Laura Faber: Das zeigt aber auch, dass ein kleiner Teil von dir Kind geblieben ist, dass sich leicht begeistern lässt.

Eric Mayer: Ja, deshalb bin ich schon so lang bei Pur +.  Eine Facette von mir ist der Kinderblick, den ich wahrscheinlich in jede Sendung integriere. Und diese Mischung aus Erwachsenenblick und Kinderblick macht die Sendung so wertvoll.

Laura Faber: Nun meine letzte Frage. Du hast schon viele Medienpreise gewonnen und warst auch schon für den Grimme-Preis nominiert. Welchen Preis in welcher Kategorie würdest du den krebskranken Kindern verleihen?

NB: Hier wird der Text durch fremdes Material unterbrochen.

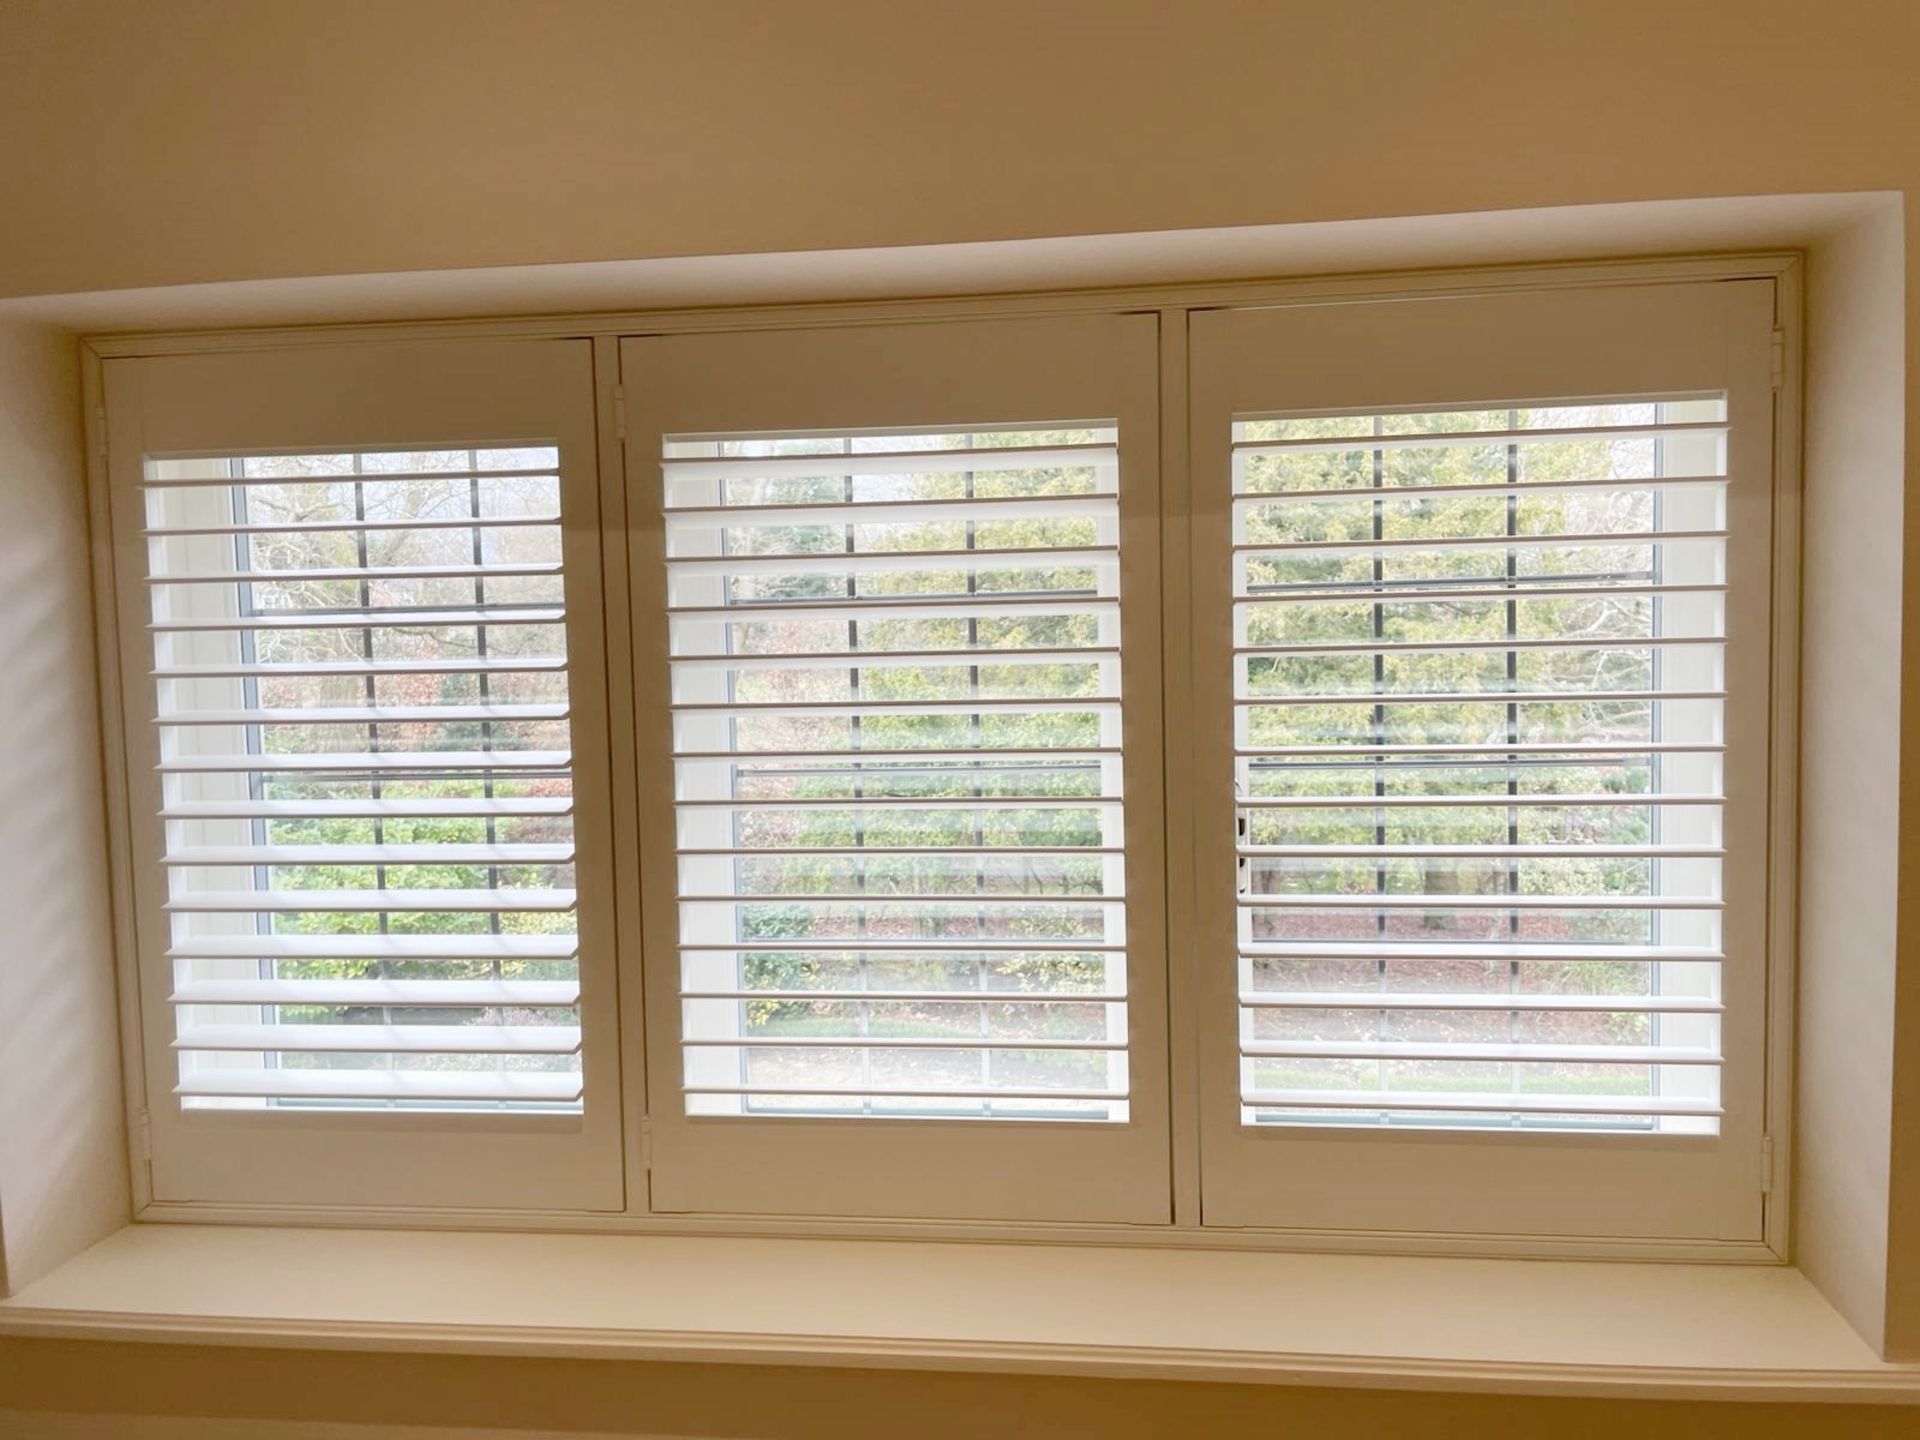 1 x Hardwood Timber Double Glazed Leaded 3-Pane Window Frame fitted with Shutter Blinds - Image 11 of 17

Eric Mayer: Oh, eine gute Frage. Das wäre  der „Ich nimm das Leben, so wie es kommt und mache das Beste daraus – Award“.  Das können wir uns alle auf die Fahnen schreiben, gerade, wenn wir etwas nicht beeinflussen können. Das Leben spielt einem so viele Situationen zu und ich glaube, wenn wir für alles offenbleiben, was da so kommt, ist das ein guter Weg. Die Kinder im Kinderkrebszentrum haben sich nicht für ihre Situation entschieden, sie haben aber eine offene Lebenseinstellung, und daraus kann man Kraft ziehen. Zumindest kann ich das von den Kindern sagen, die ich getroffen habe. Genau das werde ich mitnehmen: Eine Erfahrung, die mich sehr bereichert.